Available data
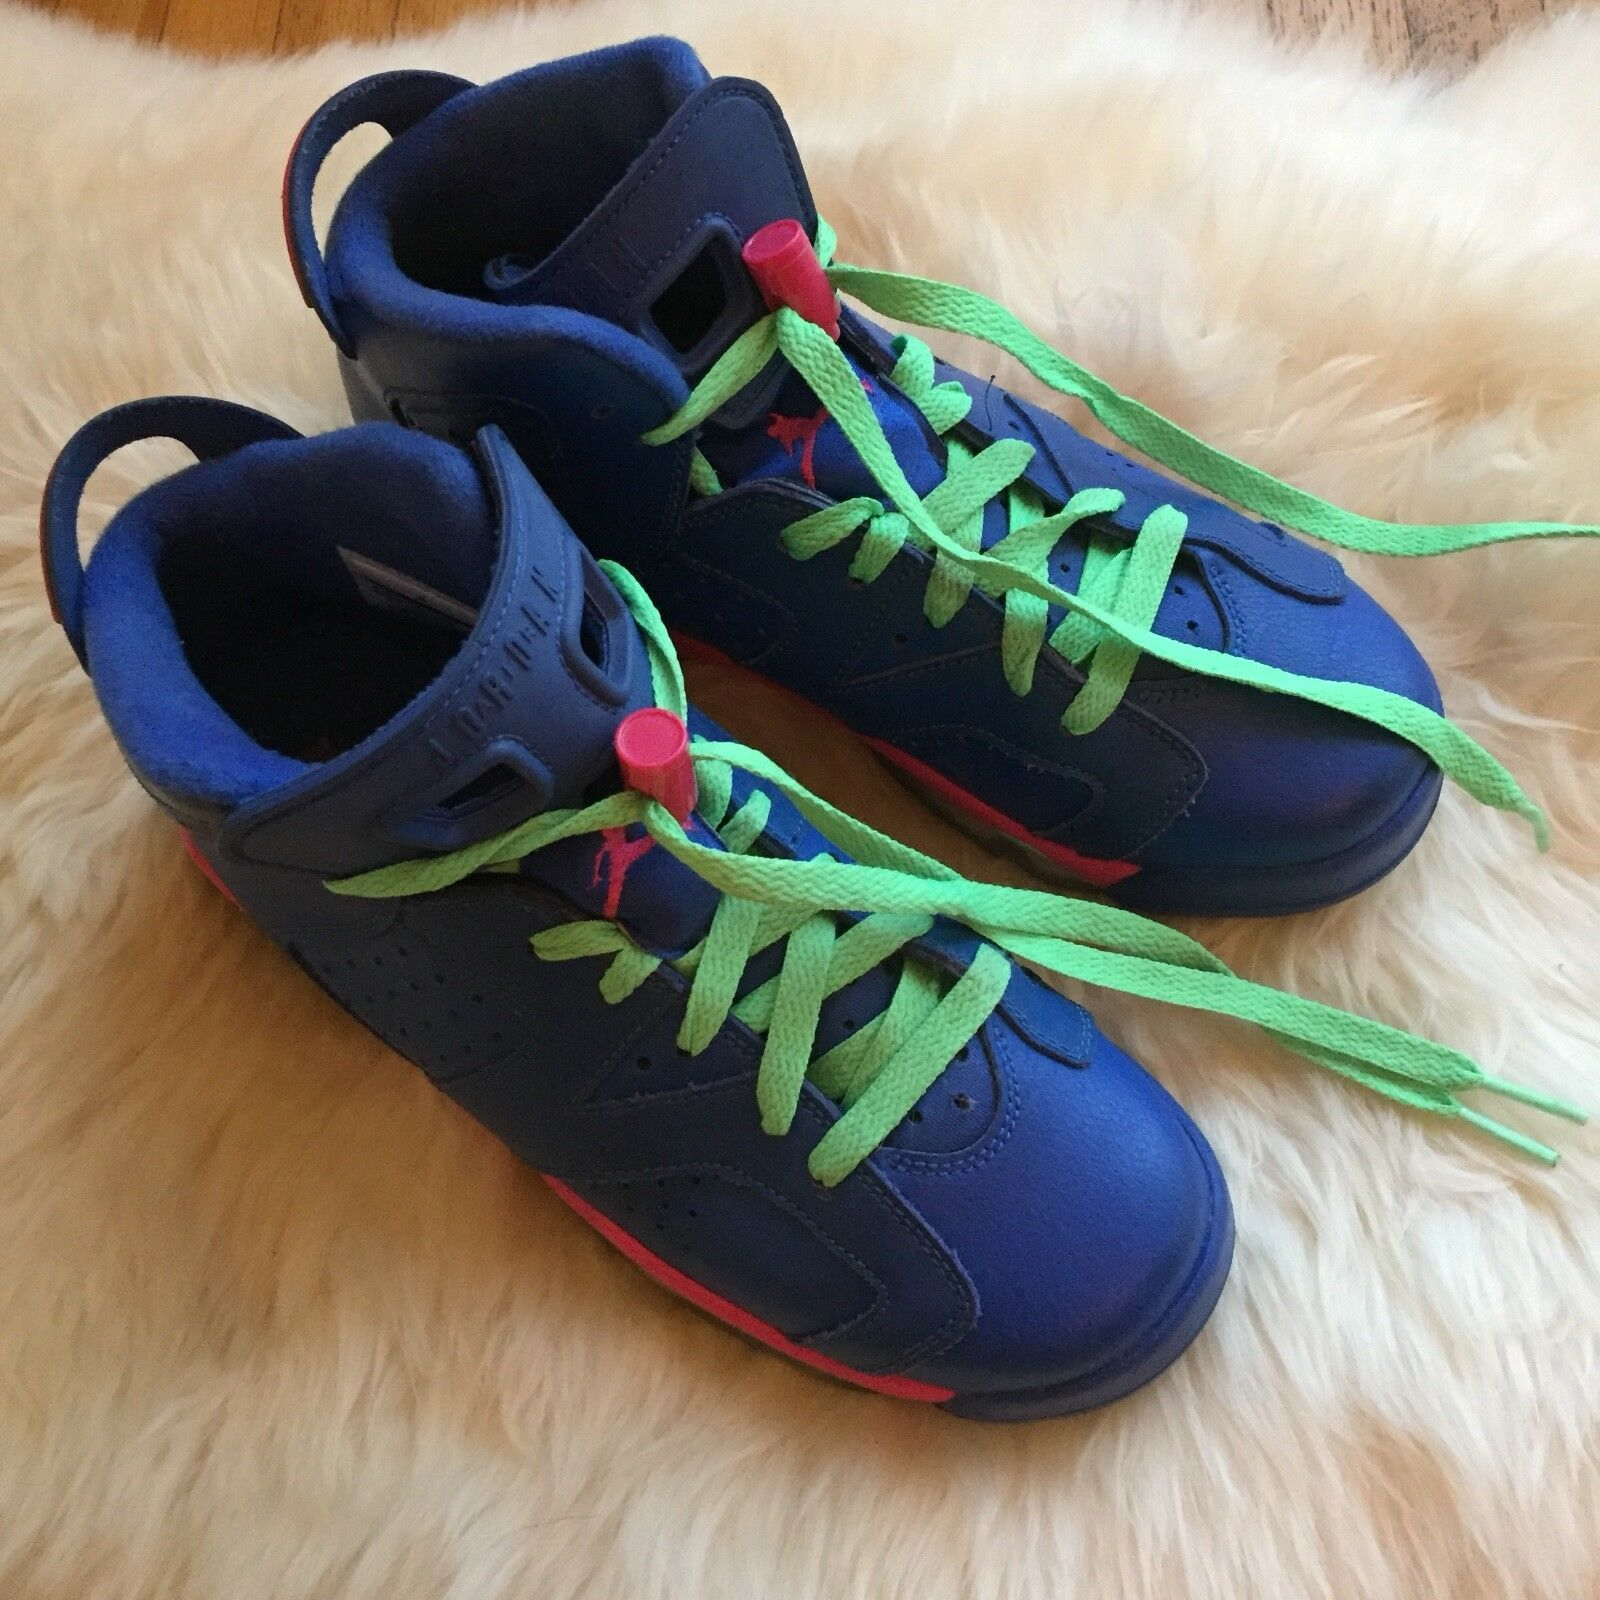 Nike Air Jordan VI Game Royal 6 Retro GS Pink 7.5 (6.5 youth)
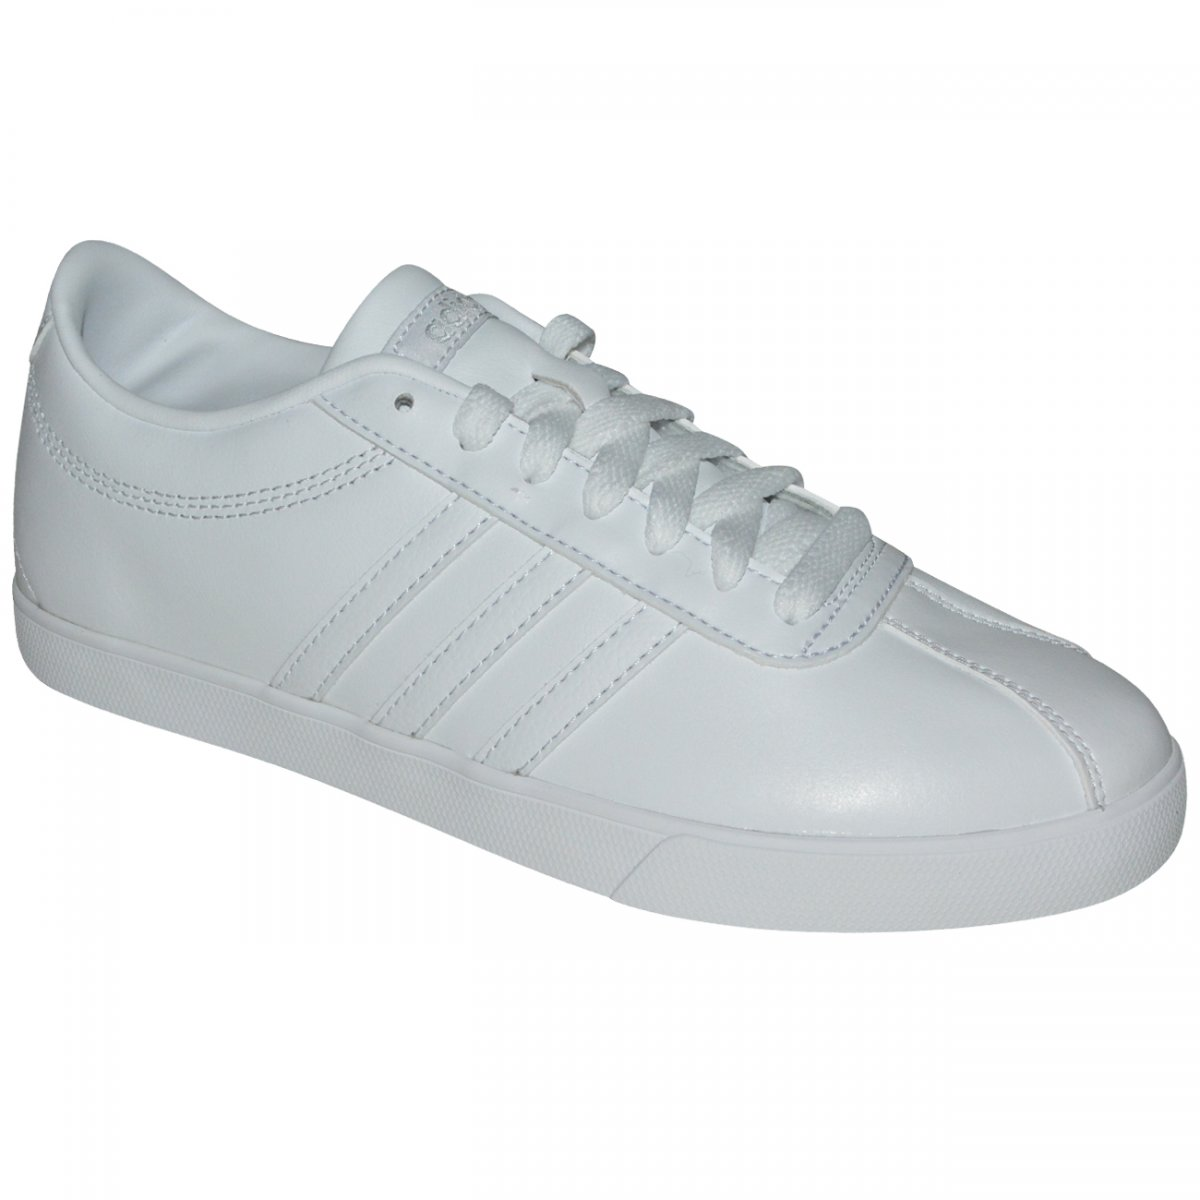 de0af47b7 Tenis Adidas Courtset W BB9659 - Branco/Branco - Chuteira Nike, Adidas.  Sandalias Femininas. Sandy Calçados
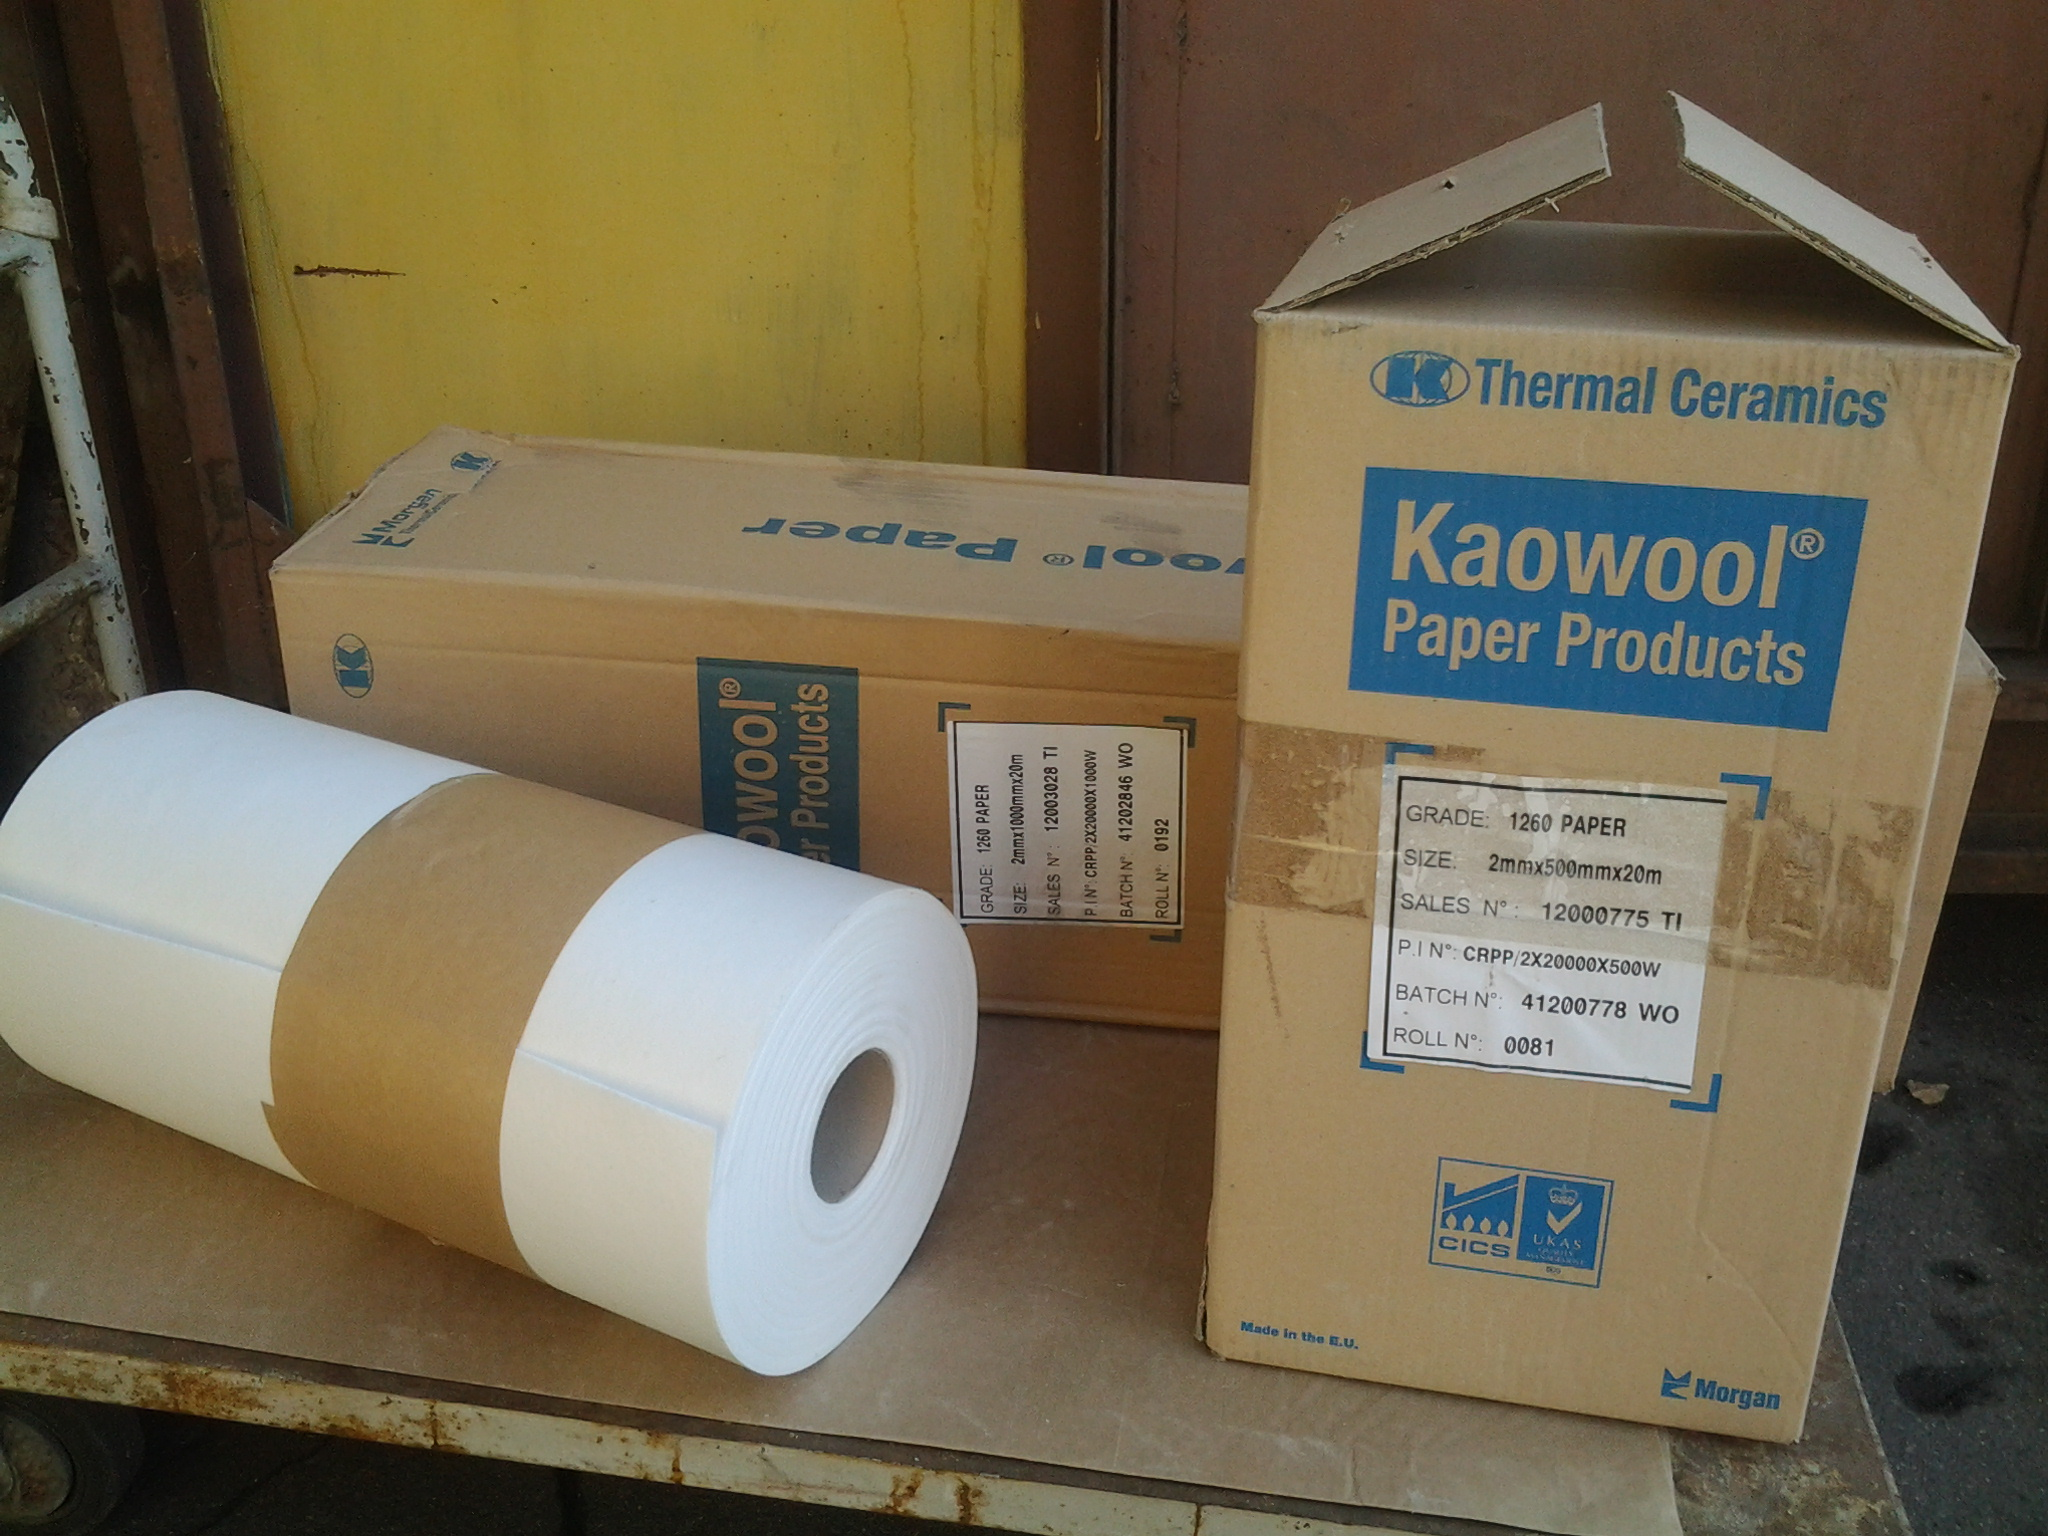 теплоизоляционная бумага

Brief
Every line above should be printed again word for word, without its pictures.

Solution to the problem
 Nike Air Jordan VI Game Royal 6 Retro GS Pink 7.5 (6.5 youth)
 de0af47b7 Tenis Adidas Courtset W BB9659 - Branco/Branco - Chuteira Nike, Adidas.  Sandalias Femininas. Sandy Calçados
 теплоизоляционная бумага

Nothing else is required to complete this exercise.